Without any elements, the size of lists is calculated to be:
>>> [].__sizeof__()
40
i.e the size of the instance struct.
tuple objects don't define a tuple_sizeof function. Instead, they use object_sizeof to calculate their size:
static PyObject *
object_sizeof(PyObject *self, PyObject *args)
{
Py_ssize_t res, isize;
res = 0;
isize = self->ob_type->tp_itemsize;
if (isize > 0)
res = Py_SIZE(self) * isize;
res += self->ob_type->tp_basicsize;
return PyInt_FromSsize_t(res);
}
This, as for lists, grabs the tp_basicsize and, if the object has a non-zero tp_itemsize (meaning it has variable-length instances), it multiplies the number of items in the tuple (which it gets via Py_SIZE) with tp_itemsize.
tp_basicsize again uses sizeof(PyTupleObject) where the PyTupleObject struct contains:
PyObject_VAR_HEAD # 24 bytes
PyObject *ob_item[1]; # 8 bytes
So, without any elements (that is, Py_SIZE returns 0) the size of empty tuples is equal to sizeof(PyTupleObject):
>>> ().__sizeof__()
24
huh?
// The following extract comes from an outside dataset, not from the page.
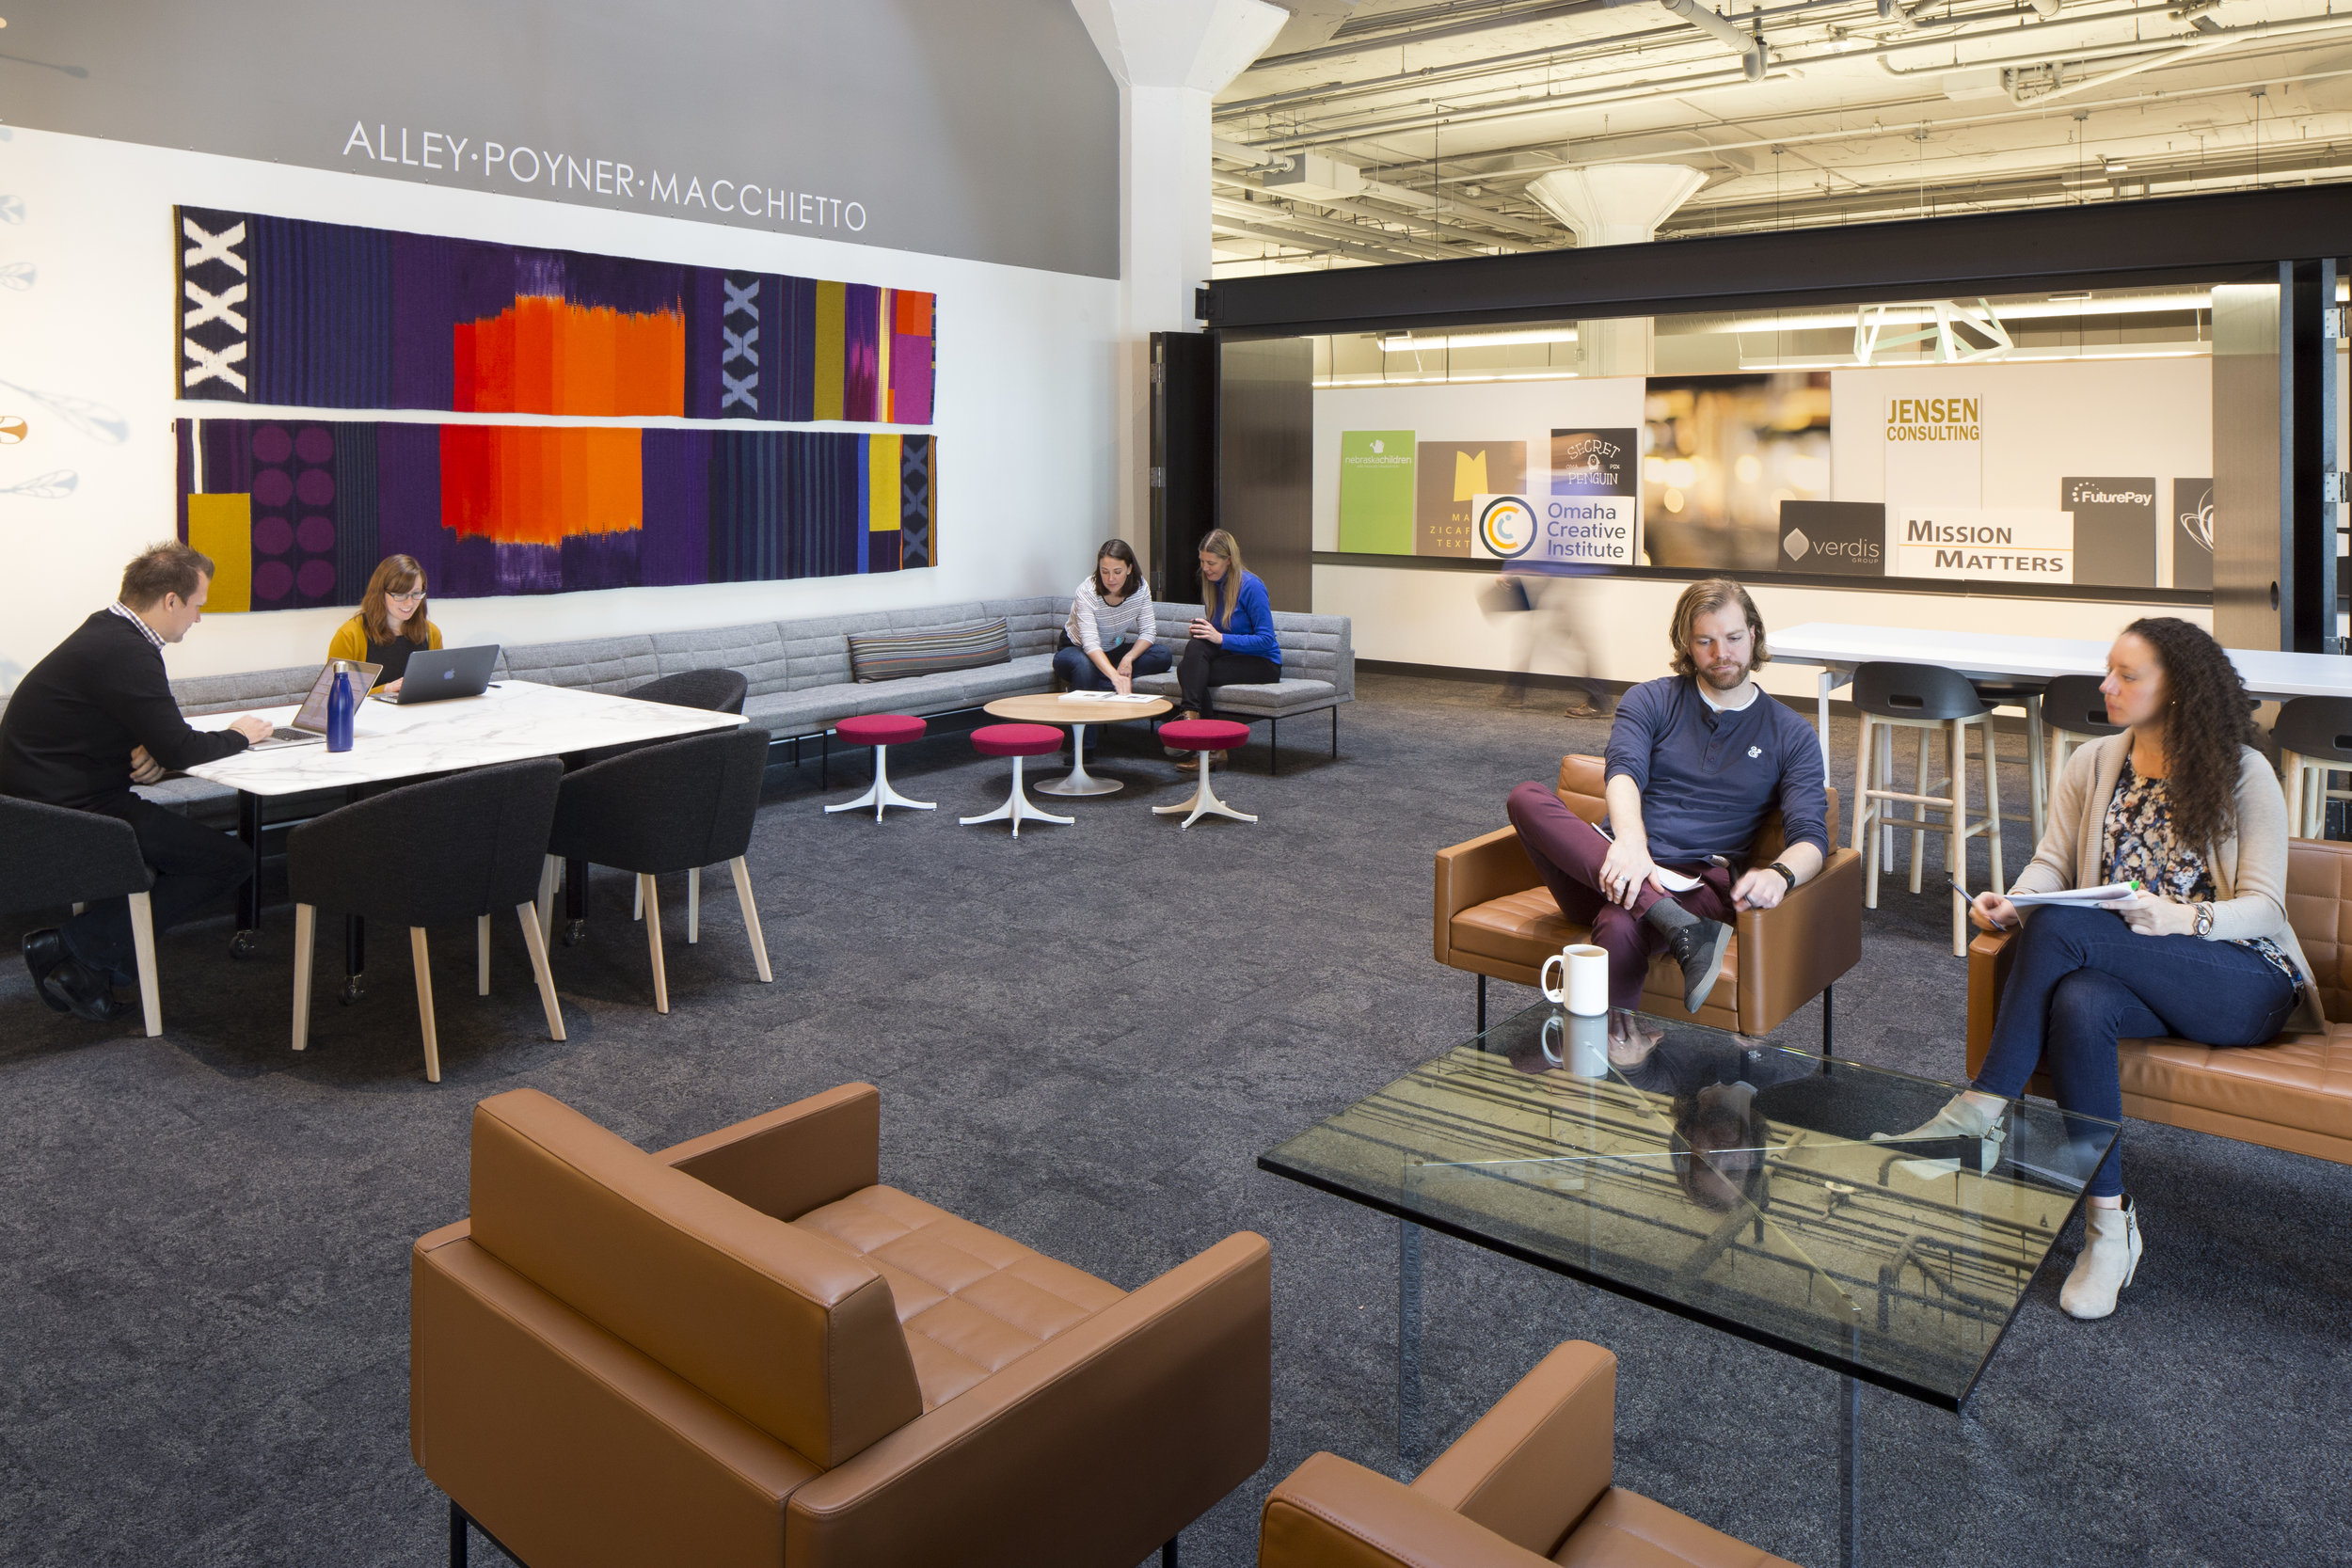 Alley Poyner Macchietto Architecture Studio + CO LAB |  Omaha, NE   View Gallery »

Well, here's an oddity which I haven't found an explanation for, the tp_basicsize of tuples is actually calculated as follows:
sizeof(PyTupleObject) - sizeof(PyObject *)
why an additional 8 bytes is removed from tp_basicsize is something I haven't been able to find out. (See MSeifert's comment for a possible explanation)
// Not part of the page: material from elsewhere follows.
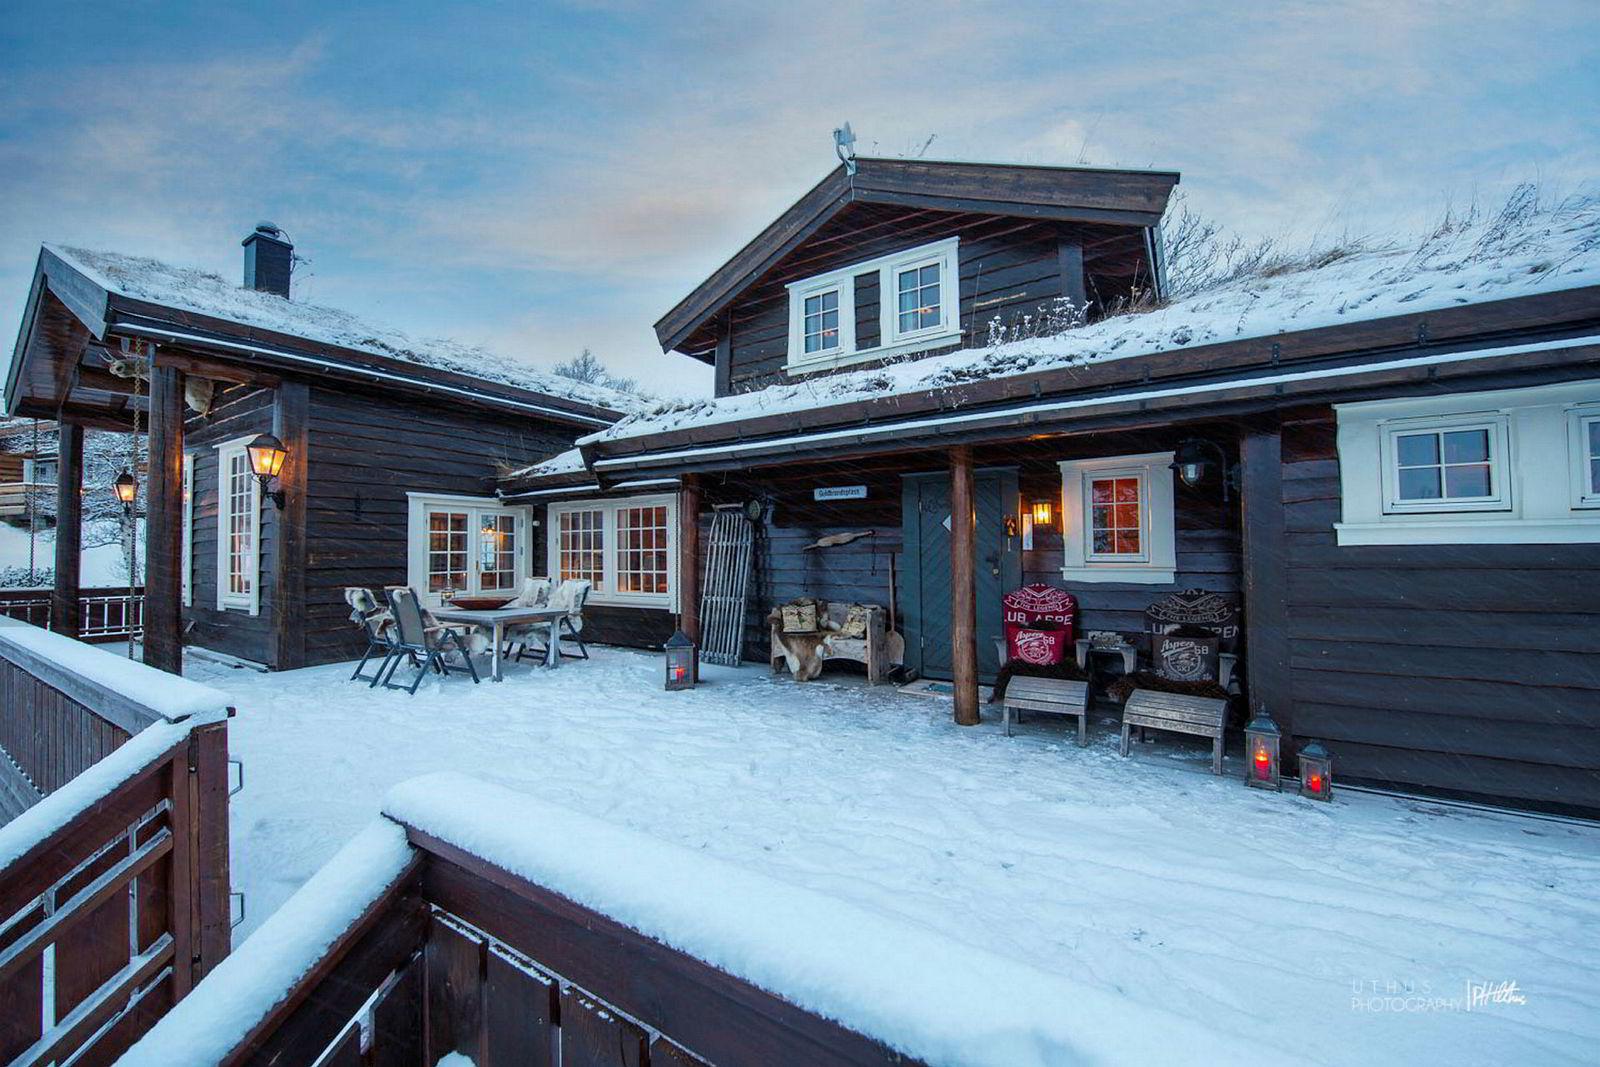 Hytte i Sæteskarvegen 41 i Skurdalen, 157 kvm, Prisantydning Kr 5 950 000, solgt for kr 5 650 000.

But, this is basically the difference in your specific example. lists also keep around a number of allocated elements which helps determine when to over-allocate again.
Now, when additional elements are added, lists do indeed perform this over-allocation in order to achieve O(1) appends. This results in greater sizes as MSeifert's covers nicely in his answer.